Страница 81 из 94
Вслед за этим ответом Голицын получил известие о разговоре императора Иосифа с одним доверенным лицом: «Чем более я думаю о польском деле, тем менее могу утаить от себя, что два императорские двора не обратили должного внимания на свои истинные политические интересы, когда решились на раздел Польши. Самую большую выгоду получит от этого, очевидно, король прусский: соединение двух главных частей Прусского государства, большие средства распространить торговлю, качество областей, достающихся ему на долю, – все это даст ему перевес. Поэтому я думаю, что оба двора лучше бы сделали, если б никогда не дотрагивались до Польши, но согласили бы свои взаимные интересы приобретениями от Турции». Пересылая это известие, Голицын писал: «Императрица-королева оказывает решительное отвращение от польского дела и не принимает в нем никакого участия». Последнее известие мы имеем право принять как вполне справедливое; что же касается до первого, то очевидно, что оно было внушено Голицыну нарочно, чтоб поддерживать у русского двора память о возможности и необходимости новых соглашений и новых связей по турецким делам. Что взгляд Иосифа не расходился со взглядом Кауница, что оба сначала хотели сделать хорошие приобретения на счет Польши, а потом обратиться к Турции, ясно видно из вышеприведенного письма Иосифа к Леопольду: в 1772 году взять польские воеводства, а в следующем – Белград и Боснию. Для последнего нужно было продлить войну России с Турциею, истомить обе державы, заставить Россию обратиться к Австрии. Когда Голицын объявил Кауницу о разрыве Фокшанского конгресса, то не приметил «в духе его надлежащей чувствительности, а только просто отозвался, что удивляется, как русские уполномоченные начали переговоры таким предложением, каким следовало кончить». Кауниц должен был так говорить, чтоб показать несостоятельность русских людей, чтоб показать, какую ошибку сделал русский двор, не приняв помощи, посредничества Австрии, поручив ведение дела неопытному Орлову, а не искуснейшему дипломату Тугуту.

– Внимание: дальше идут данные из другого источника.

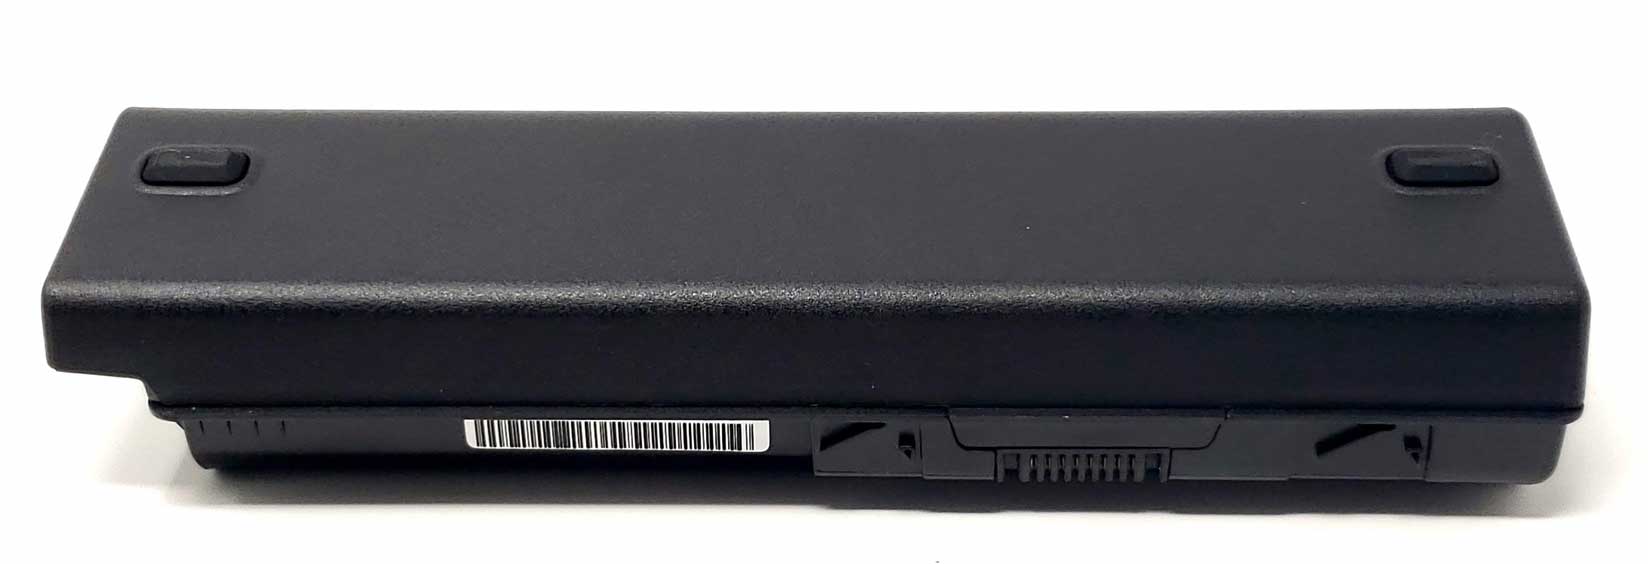 External Laptop Battery Charger for HP Pavilion DV6-1000 DV6-2000
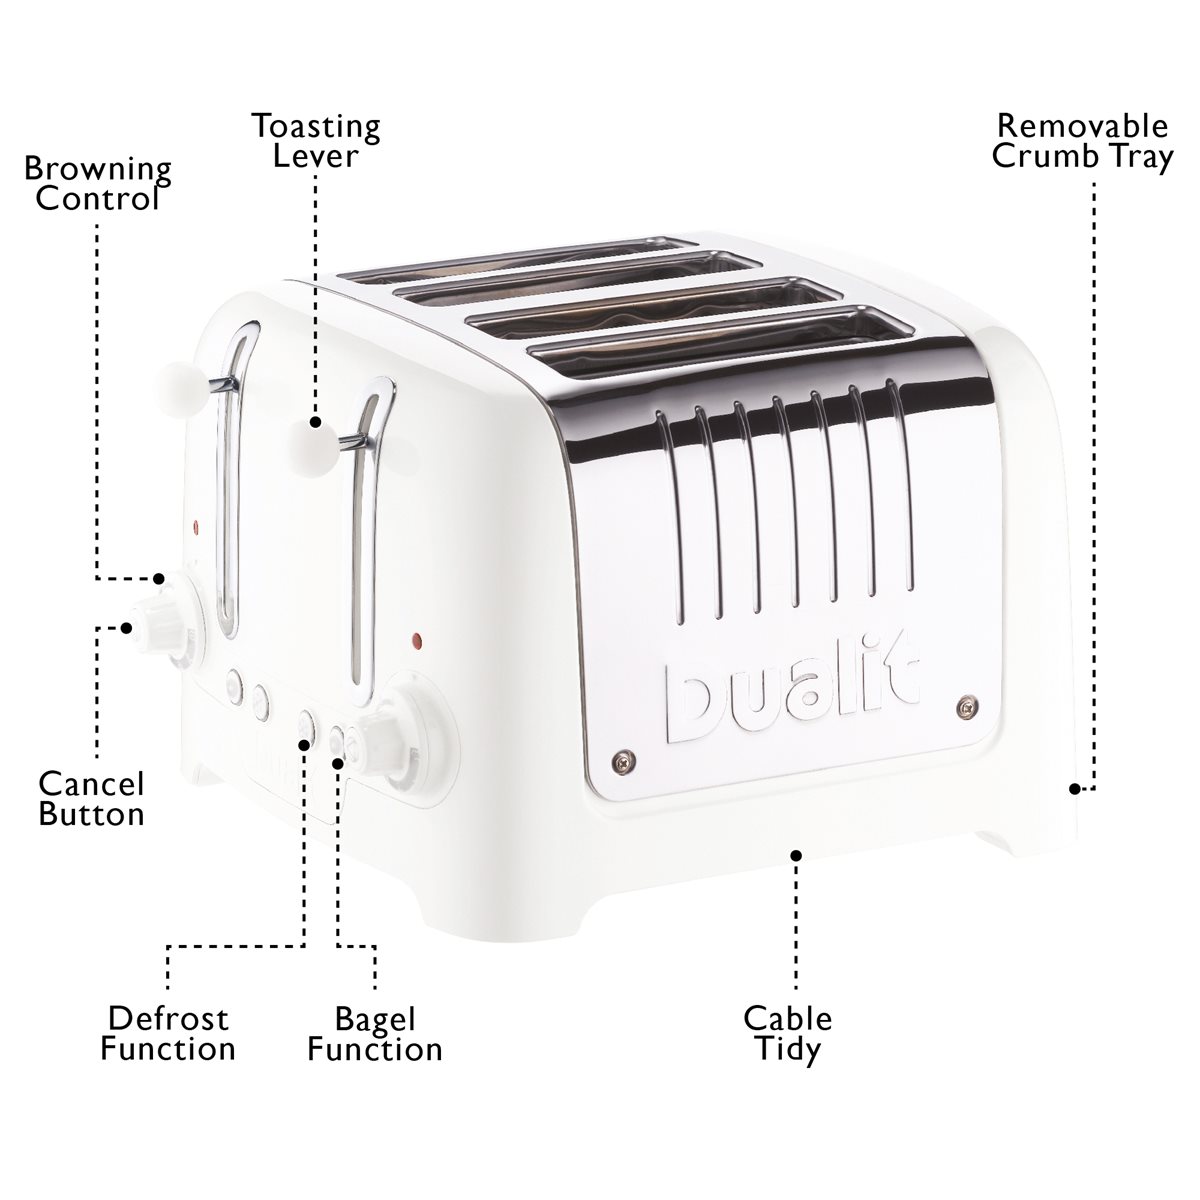 Buy Dualit DPP4 Lite 4 Slice Toaster - Black, Toasters

Фокшанский конгресс рушился, начался Бухарестский, Россия испугалась шведской революции, уступает туркам – все это очень выгодно для Австрии, все это усиливает надежду, что второе дело не уйдет, а между тем надобно покончить как можно выгоднее первое – польское.
После того как Австрия объявила о своем желании участвовать в разделе Польши и Россия подписала свою конвенцию с Пруссиею об этом разделе, Фридрих II был очень доволен, был доволен Россиею, даже был доволен Австриею. «Подписание нашего соглашения, – писал он Сольмсу 1 марта н. с., – доставило мне бесконечное удовольствие. Я всегда смотрел на это соглашение как на новую связь, которая должна сделать неразрывную дружбу между двумя дворами, и мне трудно было бы выразить вам, как я доволен завершением дела, столь благодетельного для обоих дворов. Риск, которому подвергается австрийский двор, если обманет нас, утверждает меня во мнении, что теперь он действует добросовестно. Другое дело с Франциею. В положении, в каком находится это государство в настоящую минуту, венский двор может обманывать его безнаказанно. На что можно положиться – это взаимная гарантия наших приобретений в Польше, торжественно обещанная венским двором; и дело возможное, что со временем из этого произойдет союз между тремя дворами, против которого я, конечно, не скажу ни слова: напротив, я буду этому очень рад, ибо ничто не в состоянии так утвердить навсегда спокойствие Европы. В самом деле, пока столь могущественные три двора, как наши, будут в дружбе и союзе, никакой другой двор не посмеет ничего предпринять для его нарушения. Таким образом, во всех отношениях я не могу достаточно выразить вам свою радость, что дела приняли самый выгодный и благоприятный оборот».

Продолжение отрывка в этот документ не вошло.